Dim engine As New FormulaEngine
' Create a formula

Dim f As Formula = engine.CreateFormula("=sqrt(3^2 + 4^2)")
' Evaluate the formula to get a result (5.0)

Dim result As Double = f.Evaluate()

The method will throw an InvalidFormulaException exception if it cannot create a formula from the expression. This is usually (but is not limited to) due to a syntax error in the expression. The inner exception of the thrown exception will have more details.

The engine also has the ever-popular Evaluate method for when you quickly want to evaluate an expression. Let's try to evaluate the "mega" formula found here:

' Create an instance of the engine

Dim engine As New FormulaEngine
' Assume cell A1 contains "http://j-walk.com/ss/books"

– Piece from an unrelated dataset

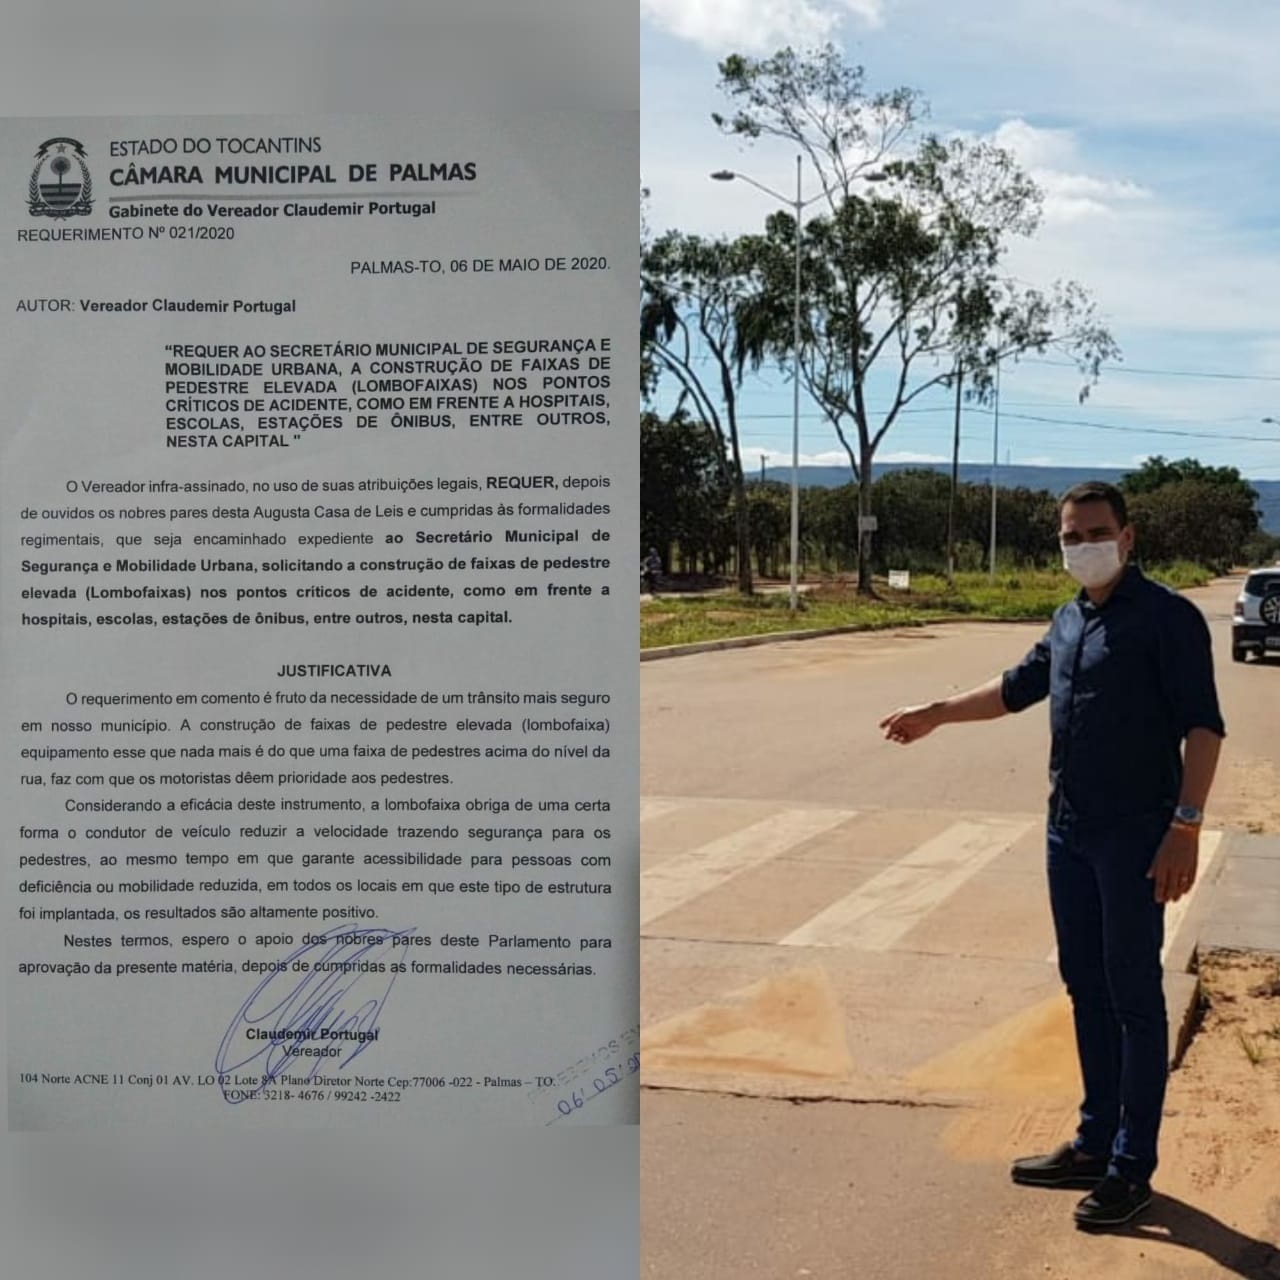 Vereador Claudemir Portugal solicita instalação de lombofaixas em vias movimentadas de Palmas

' Call Evaluate to get a result: "books"

Dim result As String = engine.Evaluate("=RIGHT(A1,LEN(A1)-FIND(CHAR(1),_
                                       SUBSTITUTE(A1,""/"",CHAR(1)" _
                              & ",LEN(A1)-LEN(SUBSTITUTE(A1,""/"","""")))))")

Data types and calculation

The engine supports the following data types when evaluating expressions: Integer, Double, String, Boolean, DateTime, Null, Error values, and References. Just like Excel, operands are loosely typed meaning that any data type is valid as long as it can be converted to the desired data type. For example: the expression ="123" + 10 is valid since the string "123" can be converted to a number. One major difference from Excel is that DateTime values are not treated as numbers. If you want to add/subtract dates, you will have to use a function.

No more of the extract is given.